Using a 130-year-old statute that requires
the Colorado Department of Corrections to
reimburse counties for prosecuting crimes
committed inside state prisons, Chambers
has found an unusual way to pay for half
of her death-penalty cases. She's billed
the DOC hundreds of thousands of dollars
in recent months, effectively shifting the
cost of trying to execute three inmates from
her county-funded budget to Colorado coffers.
(2/28/08, Westword)
- New
Appeal Filed For Man On Death Row
The man sentenced to die for killing
four people at a Chuck E. Cheese's restaurant
in Aurora in 1993 is now asking a federal
judge in Denver to spare his life. In
a 755-page motion filed in U.S. District
Court in Denver, attorneys for Nathan
Dunlap list 41 reasons his death
sentence should be thrown out, including
that his original defense attorneys were
ineffective. The appeal comes one month
after the U.S. Supreme Court refused
to hear the case, and after the Colorado
Supreme Court upheld the conviction and
sentence for the third time. Dunlap,
now 33 and the only person on Colorado's
death row, was convicted in 1996 of first-degree
murder for the deaths of restaurant employees.

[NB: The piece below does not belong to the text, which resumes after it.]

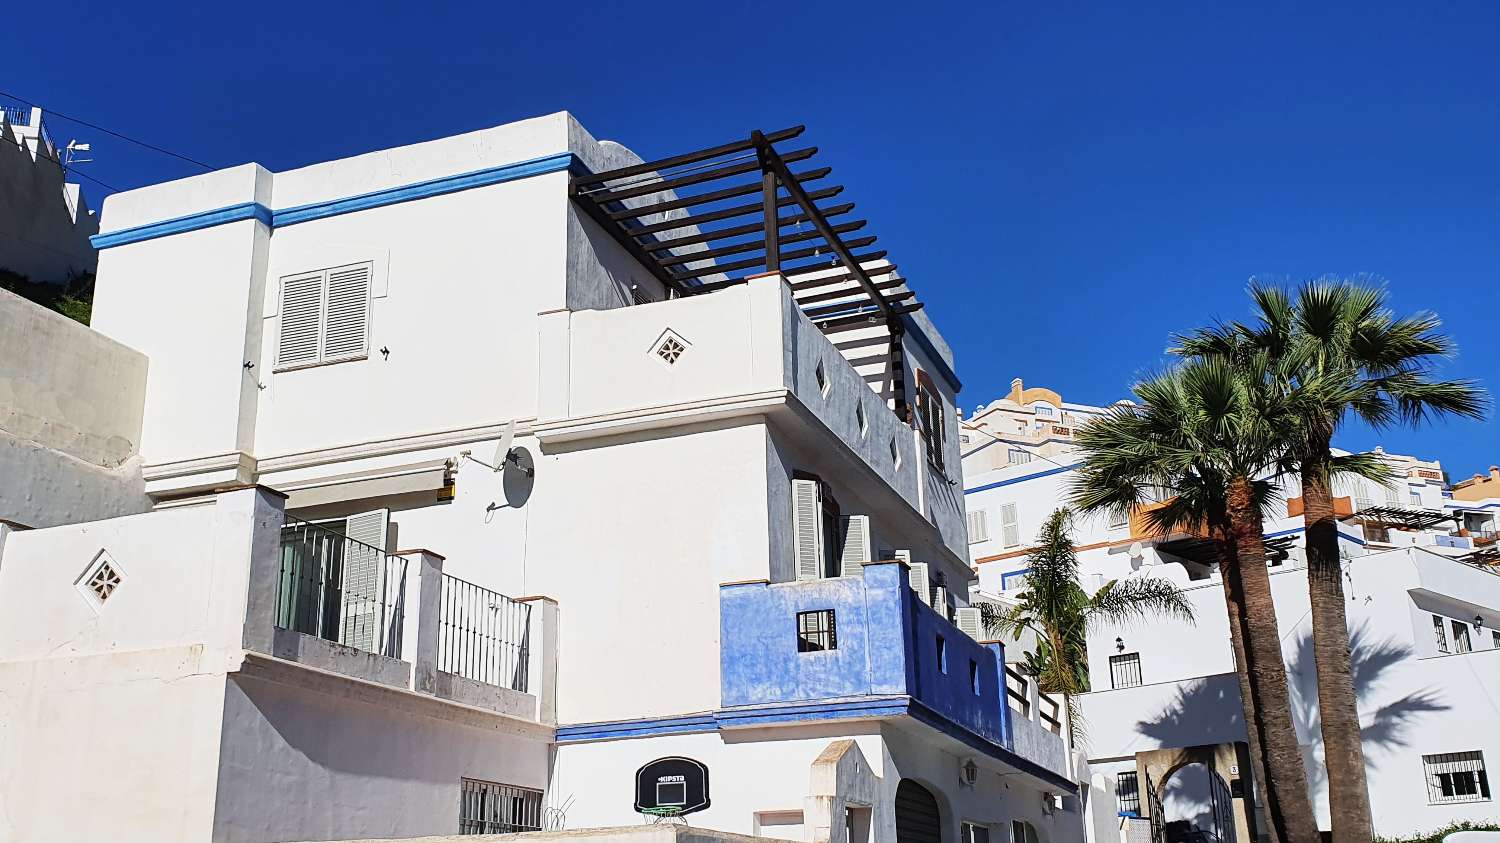 Lägenhet till salu i Almuñecar med stor terrass och nära San Cristobal-stranden
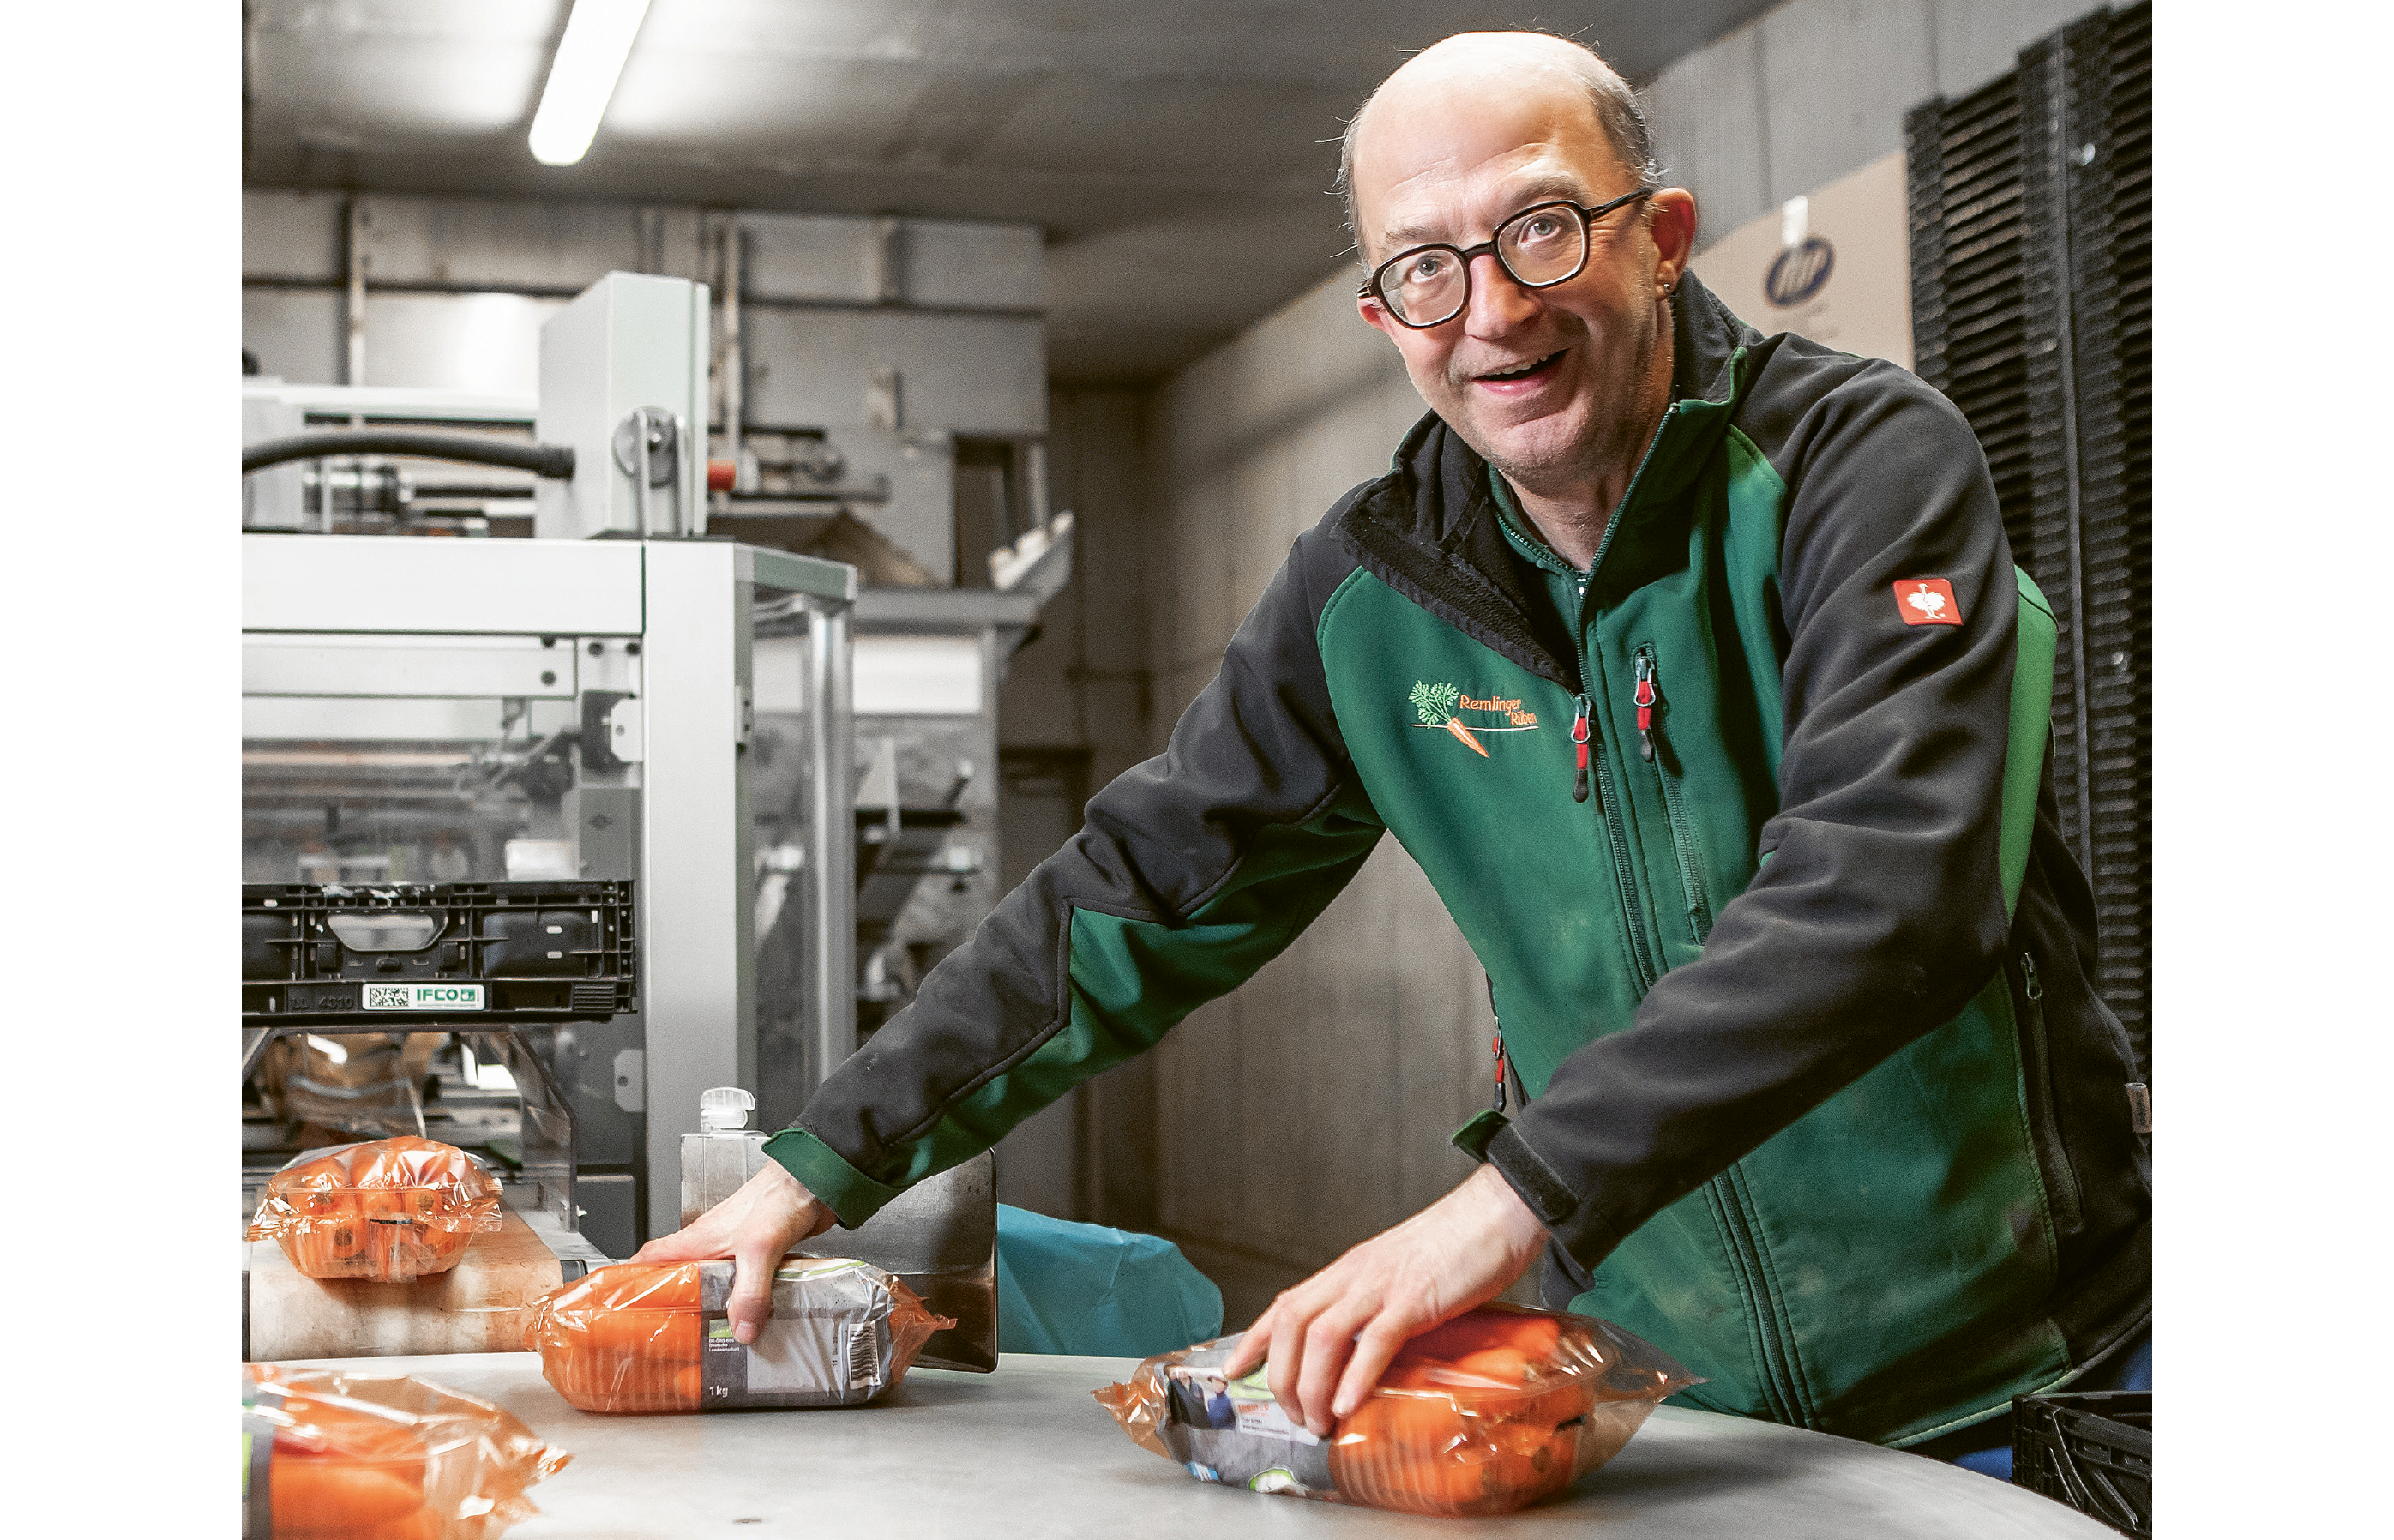 Michael Riethmann bei seiner Arbeit auf dem Rübenhof in Remlingen. Er hat zwei verpackte Schalen Karotten in der Hand, die er aus einer Maschine in eine Kiste verlädt. Er lacht in die Kamera.

(2/21/08, Rocky Mountain News)
- ACLU: Take Death Penalty Off Table
Civil-liberties advocates are urging Boulder
County District Attorney Mary Lacy to declare
that the death penalty is "off the
table" for a man suspected of killing
University of Colorado senior Susannah
Chase. ... Judd Golden, director of the Boulder
County chapter of the American Civil Liberties
Union, said in a letter sent to Lacy on Friday
that his organization "opposes the death
penalty in all situations" and that
capital punishment is "the ultimate
denial of civil liberties." (2/9/08,
The Camera)
- Boulder DA Weighs Death Penalty in 1977
Susannah Chase Slaying
Boulder County District Attorney Mary
Lacy is researching whether she can legally
pursue the death penalty for a man arrested
Sunday on suspicion of murdering University
of Colorado senior Susannah Chase a decade
ago. Lacy said that because Diego Olmos
Alcalde, 38, must be prosecuted under the
laws that applied when Chase was killed
in 1997 -- and the death-penalty statute
in place at the time was ruled unconstitutional
in 2002 -- her office is researching whether
death is a sentencing option in the case.
(1/31/08, The Camera)
- Chileans
"Don't Like" Death Penalty in 1977 Chase
Case
News of Diego Olmos Alcalde's
arrest in the decade-old slaying of University
of Colorado student Susannah Chase has
made big headlines in his native Chile,
largely because convicted killers can be
sentenced to death in Colorado.
... "We don't have the death penalty
in Chile," Santa Maria said. "We
don't have it, and we don't like it." (1/31/08,
The Camera)
- Masters' Attorney a Master Public Defender
David Wymore made his career as a public
defender keeping his clients from paying
with their lives for the crimes of which
they were accused. So when the longtime Boulder
resident and University of Colorado law
school alumnus retired in 2004, he revived
a case involving a 15-year-old Fort Collins
boy convicted of murdering a clothes-shop
manager. That boy, Timothy Masters, was exonerated
last week and set free after being in prison
for a decade.
... Wymore said if Masters' had been
a death-penalty case, he would have been
executed by now. (1/30/08, The Camera)
- Colorado DA Urges Release
After spending almost a decade in prison
for murder, Tim Masters could be released
as soon as Tuesday after special prosecutors
who were assigned to examine his case announced
Friday that newly discovered DNA evidence
could have altered the outcome of his trial.